You’d
think a perfectly good prison would be the last thing the city of Philadelphia
would leave sitting around unused. It is not like they don’t have a need for
it, but Holmesburg Prison’s checkered past (riots, biological testing) just
made its continued operation problematically controversial. It is still there.
Given what went down, it sounds like the perfect place for an aspiring reality
TV creep to film a spec ghost-hunting encounter, but it is the absolutely last
place drunk college students should be horsing around. Strange, unexplained
things will go on behind Holmesburg’s bars in Brian Cavallaro’s Against the Night (trailer here), which opens today
in Los Angeles.
Obviously,
the night turned out badly, because the movie starts with the sole survivor
telling her story to Philly’s least intuitive flatfoot. (I don’t remember which
one she was, but does it really matter?) In any event, the gratingly obnoxious
Sean convinces his pals to let him film them stumbling around Holmesburg looking
for ghosts. Of course, the jerkweed pre-planned a lot of mean tricks to play
with their heads.
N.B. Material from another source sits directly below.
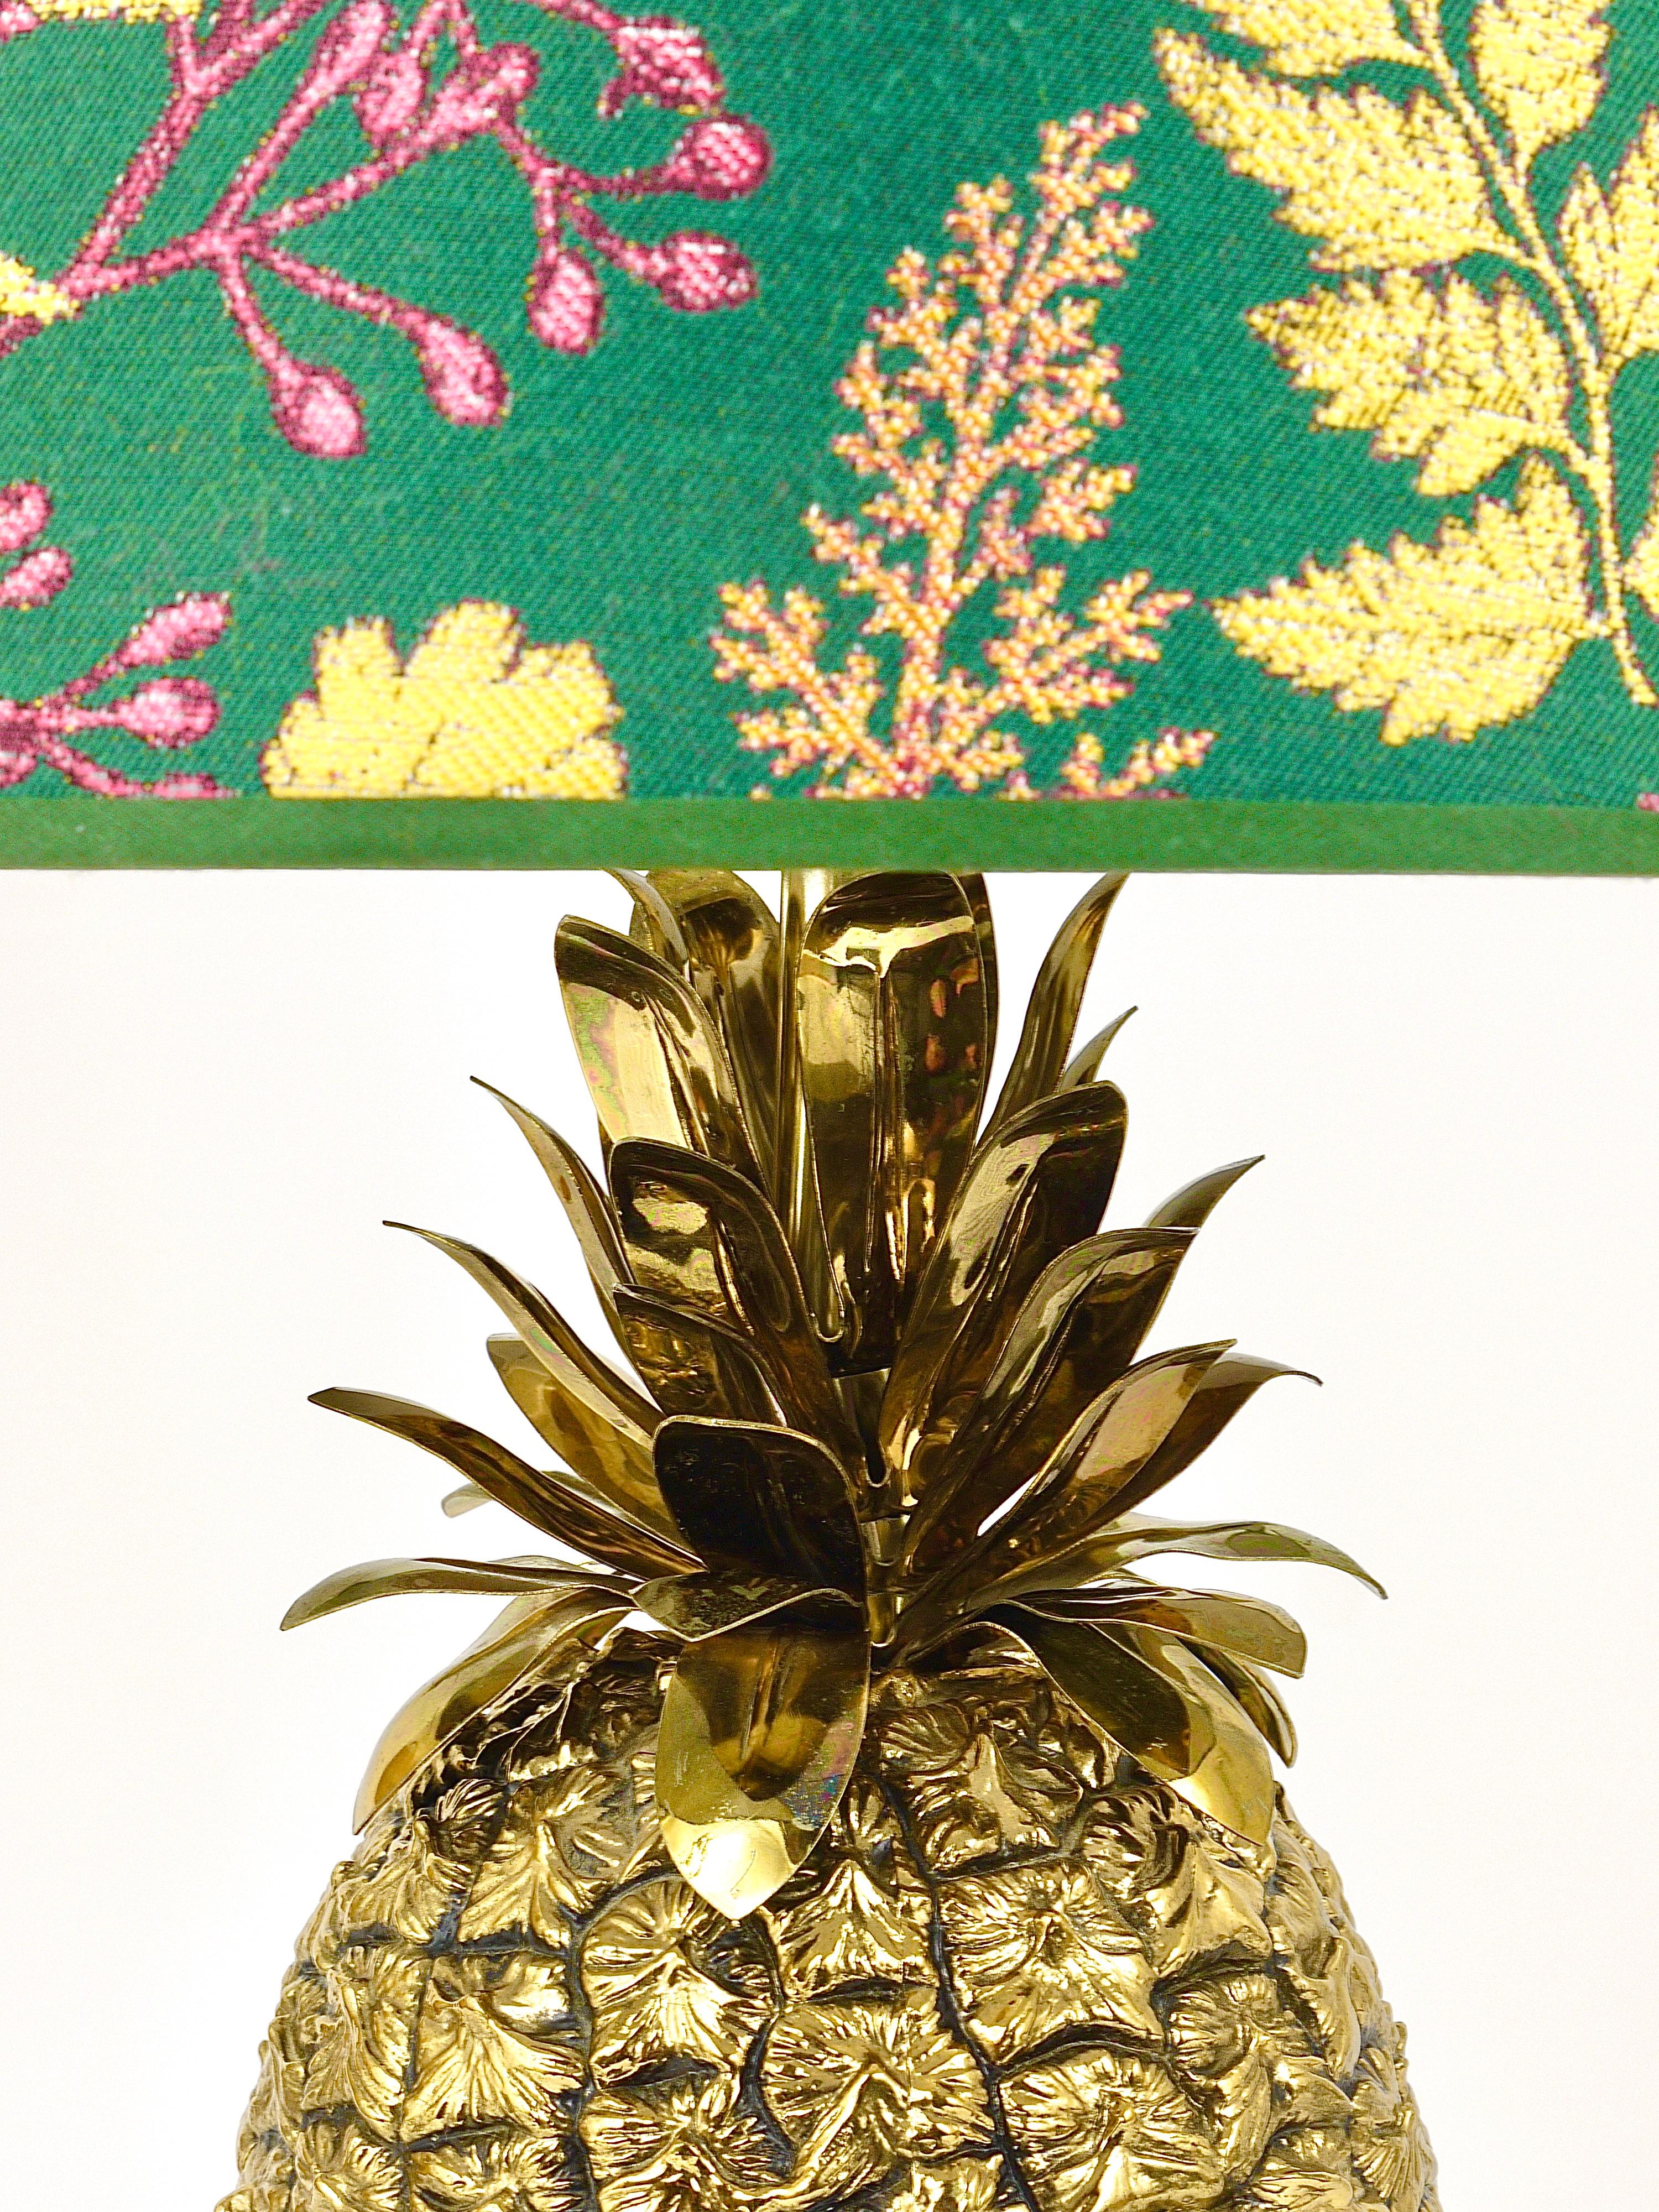 Mauro Manetti Hollywood Regency Pineapple Brass Table Lamp, Italy, 1970s For Sale 2

It also leaves them in a heightened disadvantage when
whatever haunts those halls starts picking them off one by one.
At
first, the unknown agency is supernatural. Than its human, but Cavallaro
inevitably starts dropping hints it is uncanny after all. This time around, the
is-it-or-isn’t-it tango just tries our patience. However, what Against has going for it, it has in
spades: a massively sinister real-life location and some hugely creepy set
dressing. Holmesburg might just be the creepiest movie setting ever, perhaps
even more than Grave Encounters’
Collingwood Psychiatric Hospital (a.k.a. Riverview Hospital in BC). However,
the Vicious Brothers displayed a far greater command of horror movie mechanics
and a masterful control of the eerie vibe. Instead of being scared by Against, we just scope out spooky
trappings while we wait for it to catch up with the wrap-around segments.